=== Your task ===
This task calls for the lines below starting at the one containing "Zombie Ghost Operator skin CoD" and ending at the one containing "Black Raven Pirate Ship in St. Augustine, FL", repeated exactly with both ends kept and pictures left out.
[Dataset excerpts]
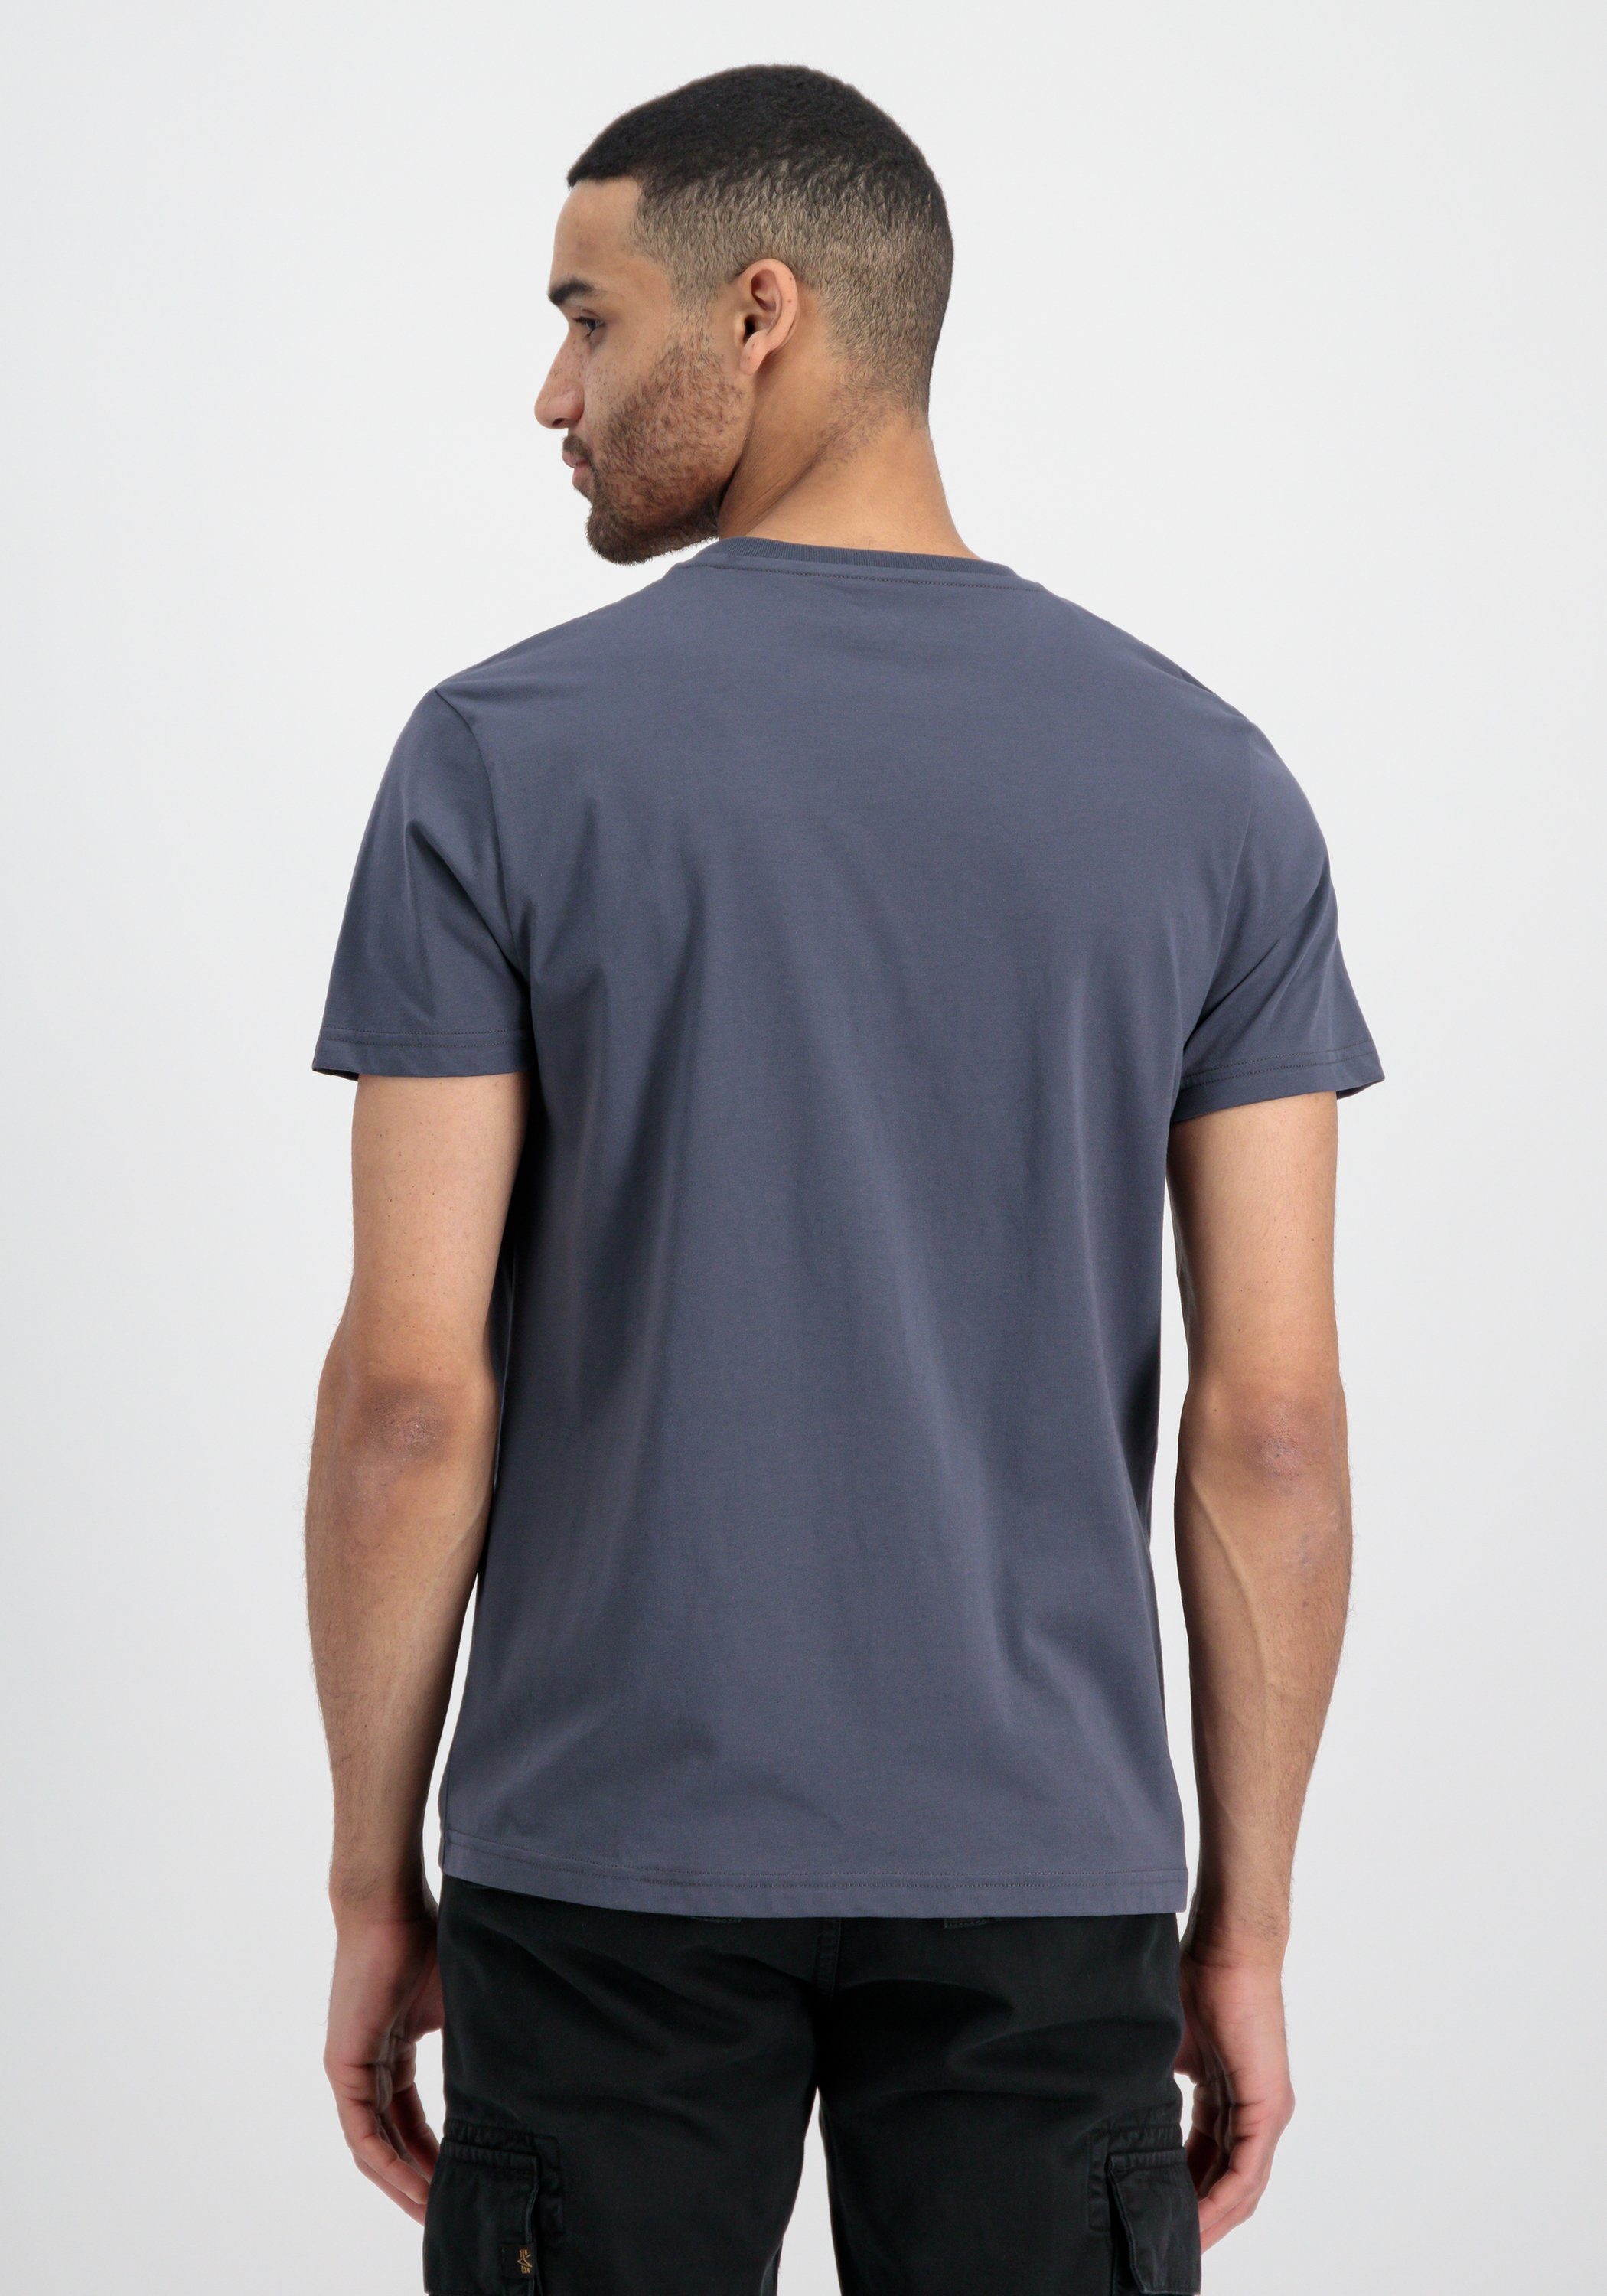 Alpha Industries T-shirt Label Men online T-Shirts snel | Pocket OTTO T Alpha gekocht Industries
[/Dataset excerpts]
[Dataset excerpts]
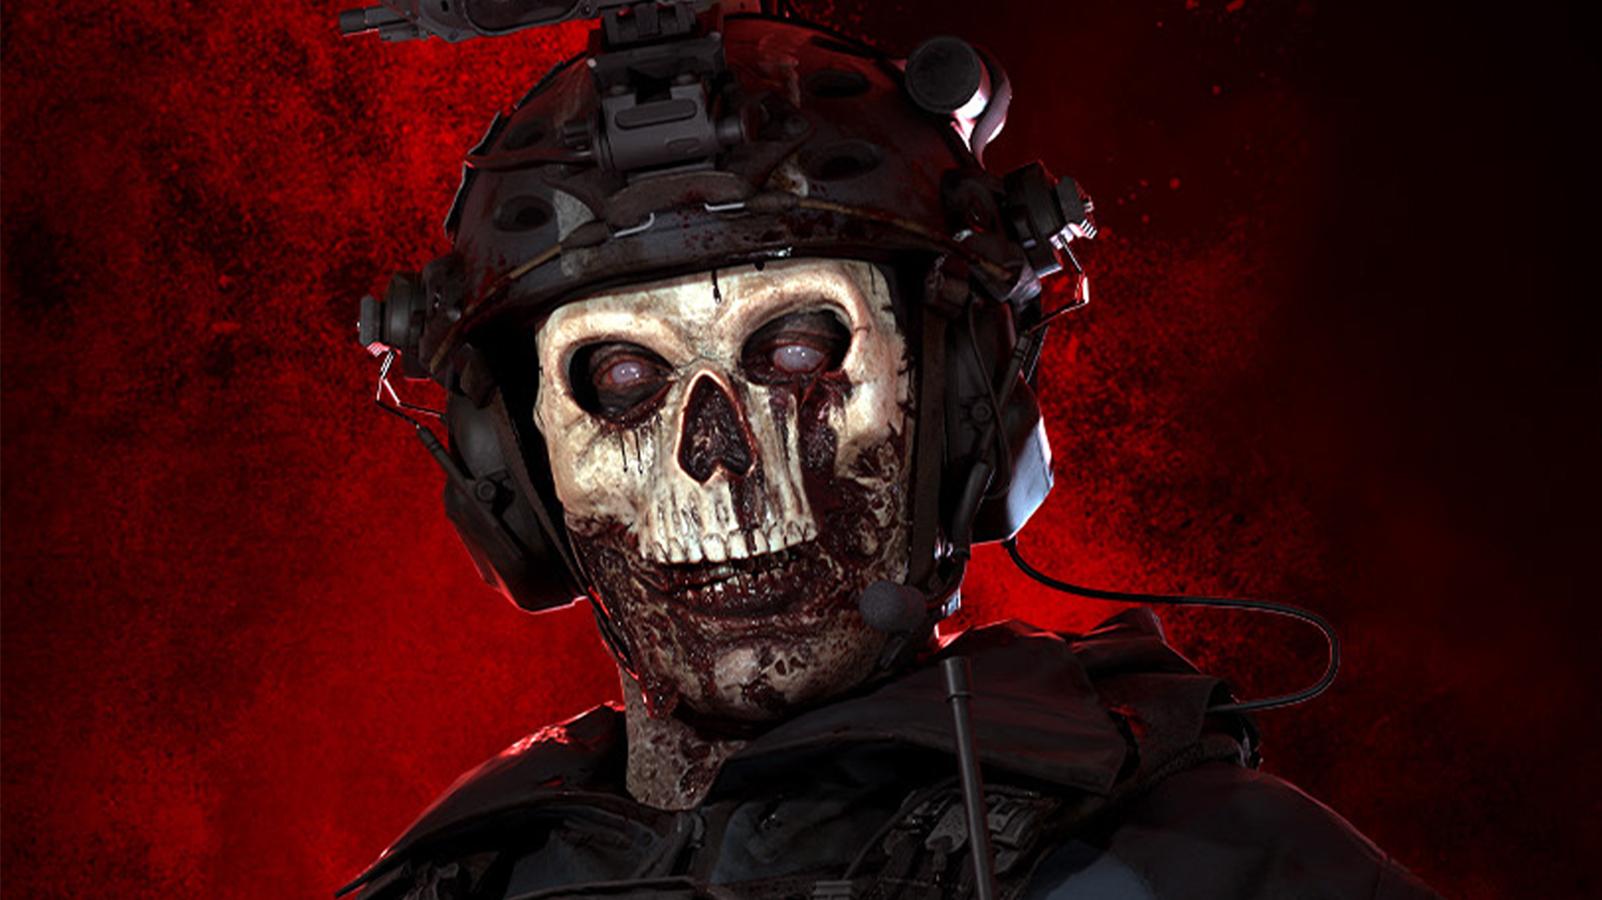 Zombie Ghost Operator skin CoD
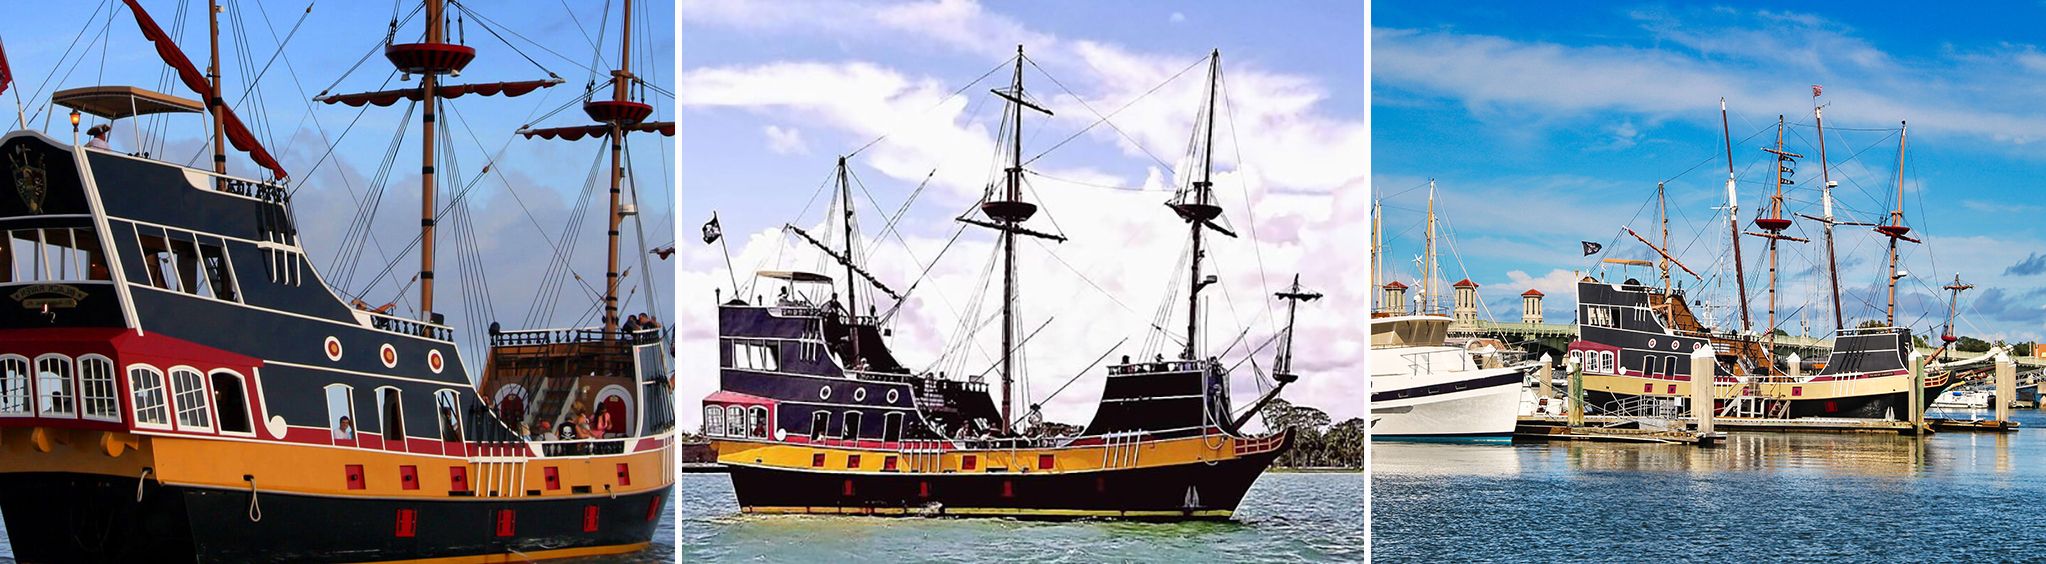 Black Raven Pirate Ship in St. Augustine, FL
[/Dataset excerpts]
[Dataset excerpts]
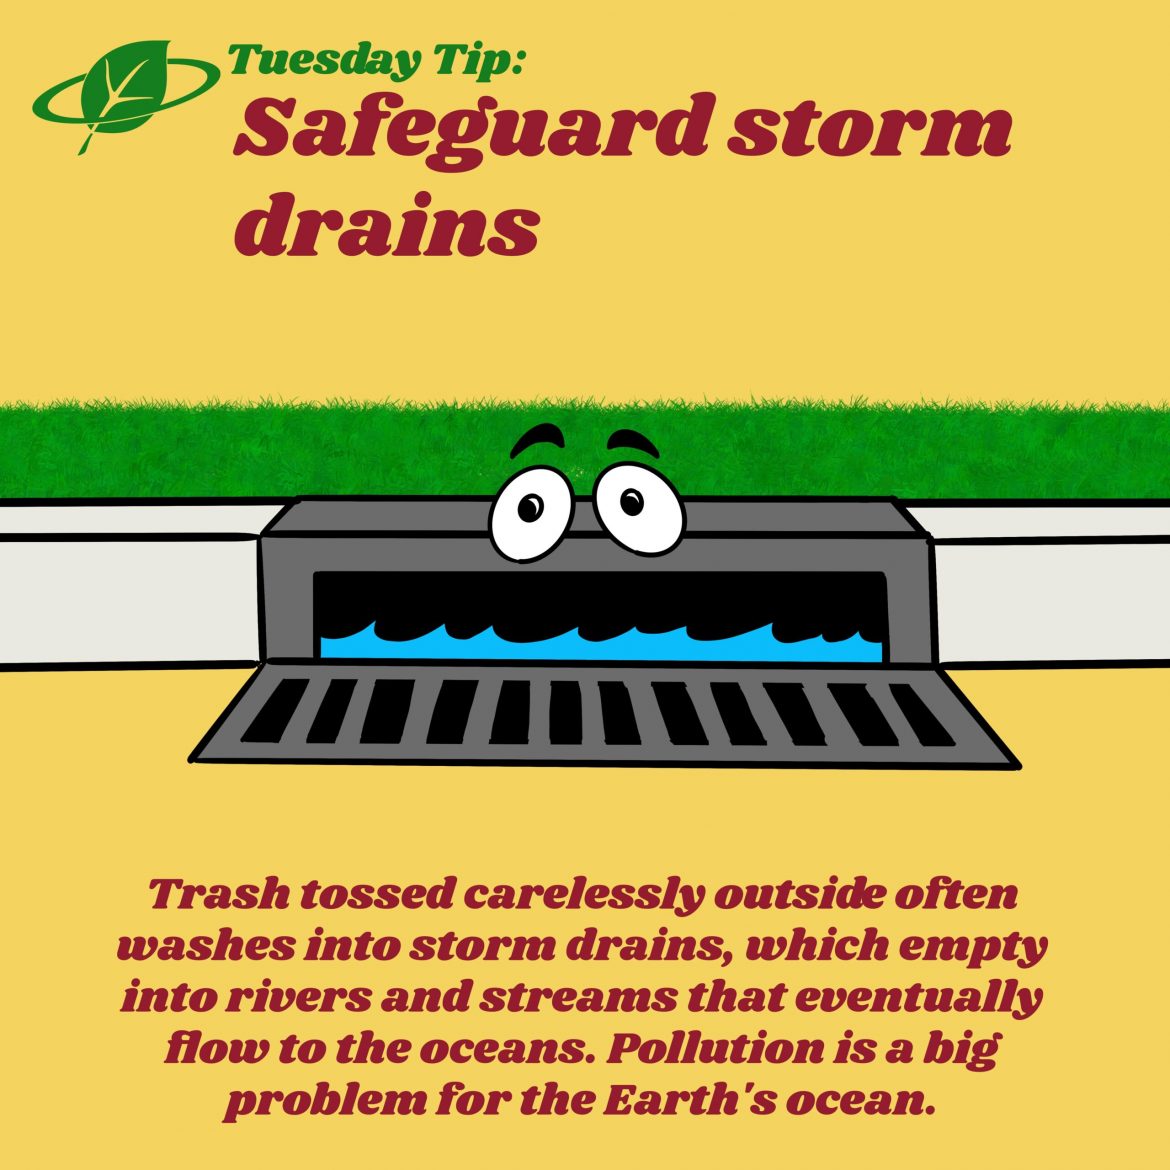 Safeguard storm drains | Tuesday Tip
[/Dataset excerpts]
=== Response for this exercise ===
 Zombie Ghost Operator skin CoD
 Black Raven Pirate Ship in St. Augustine, FL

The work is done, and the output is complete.